Sometimes it might help during a sermon to think your own thoughts on the text and whatever aspects of its meaning and implications the sermon would ideally be bringing out (although when does this become a disrespectful refusal to engage with the sermon the Lord has arguably given this preacher to preach to this congregation including you at this time?).

Or there are sanity-check measures we could take, like educating ourselves on what it is and isn’t realistic to expect from preaching, so that we can evaluate sermons on objective criteria rather than simply failing to profit from personal failings or prejudice, or continually doubting our own judgment. (For this, I would recommend How Sermons Work by David Murray, as exceptionally helpful – it equips you with concepts and a vocabulary to understand what’s going on in a sermon, so that when things go wrong, you can at least identify it to yourself.)

At institution level, those who are responsible for arranging supply preachers should perhaps do a more careful cost-benefit analysis of having poor preaching supply versus no preaching supply, in the light of what kind of preaching the congregation appreciates and needs more than simply who might be available to fill gaps in the rota. Churches perhaps need to be more rigorous in assessing who they accept as preachers, not just in terms of the clearness of the call they feel but also in terms of whether they have any gifts for preaching.
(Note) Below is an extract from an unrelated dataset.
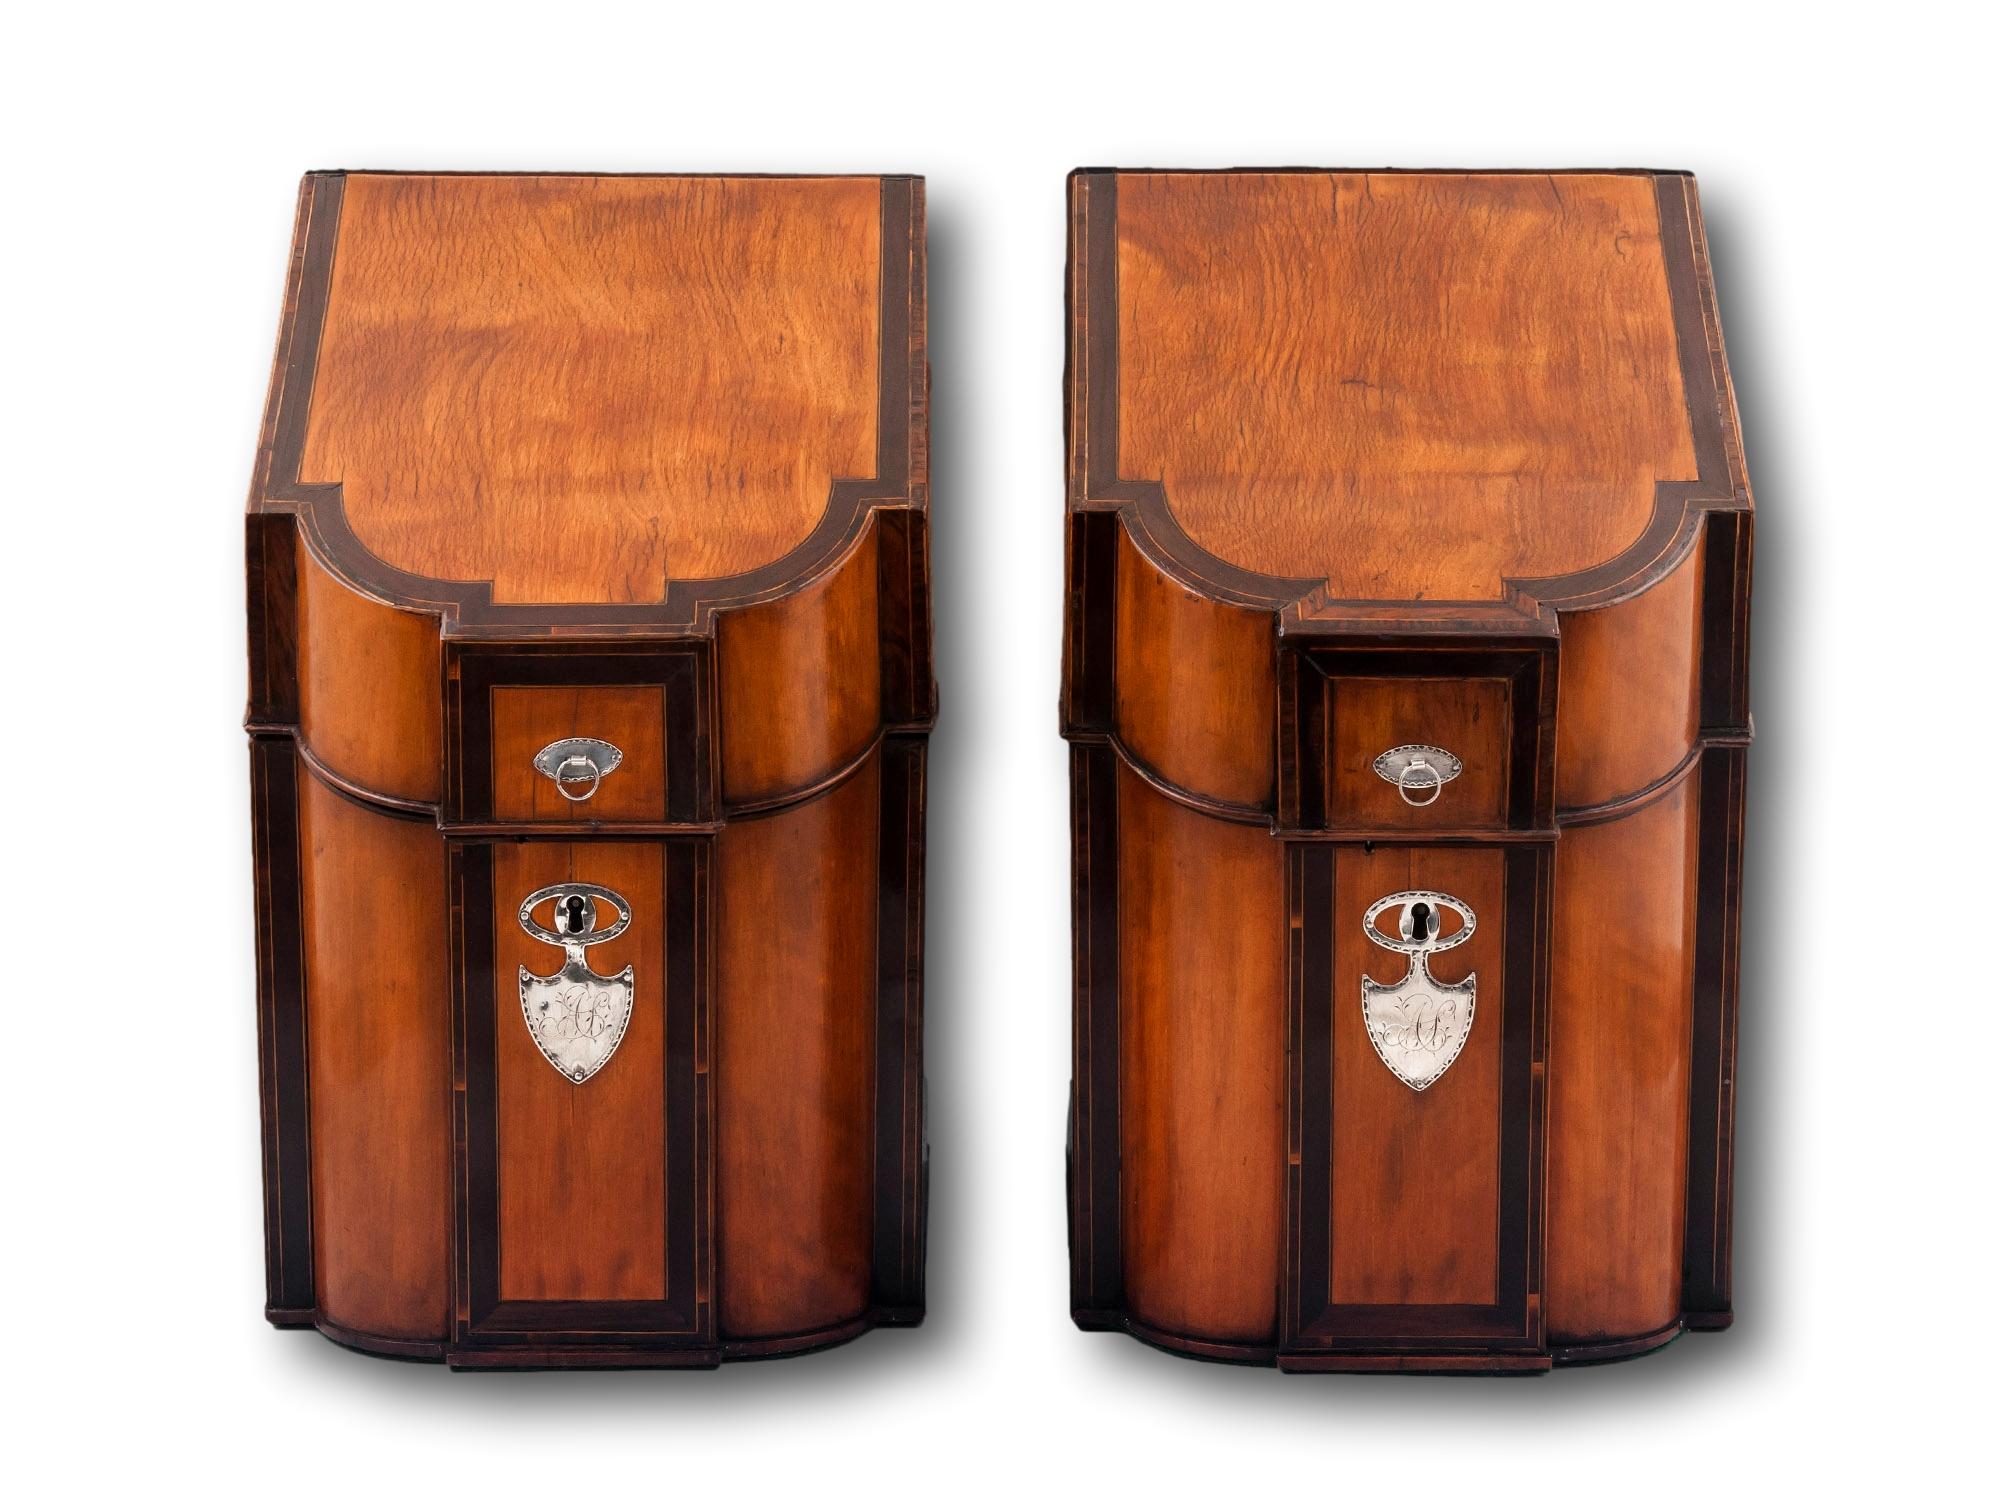 Presented with Silver Shield Escutcheons

From our Knife Boxes collection, we are delighted to offer this pair of Georgian Satinwood Knife Boxes. The Knife Boxes with sloping tops and breakfront D-shaped sections veneered in Satinwood with Laburnum

Perhaps a case could be made of reviving the old practice of ministers meeting to preach to other ministers specifically for the purpose of getting brotherly feedback on their preaching.

But these are only partial answers (and at institution level virtually impossible for the average hearer to do anything at all to implement). Why does the Lord provide preaching as the main means of growth for his people and then let the preaching be dull, ineffective and wearisome even when you really want to benefit from it? To me this is still a conundrum, and I’m still waiting to find someone to explain.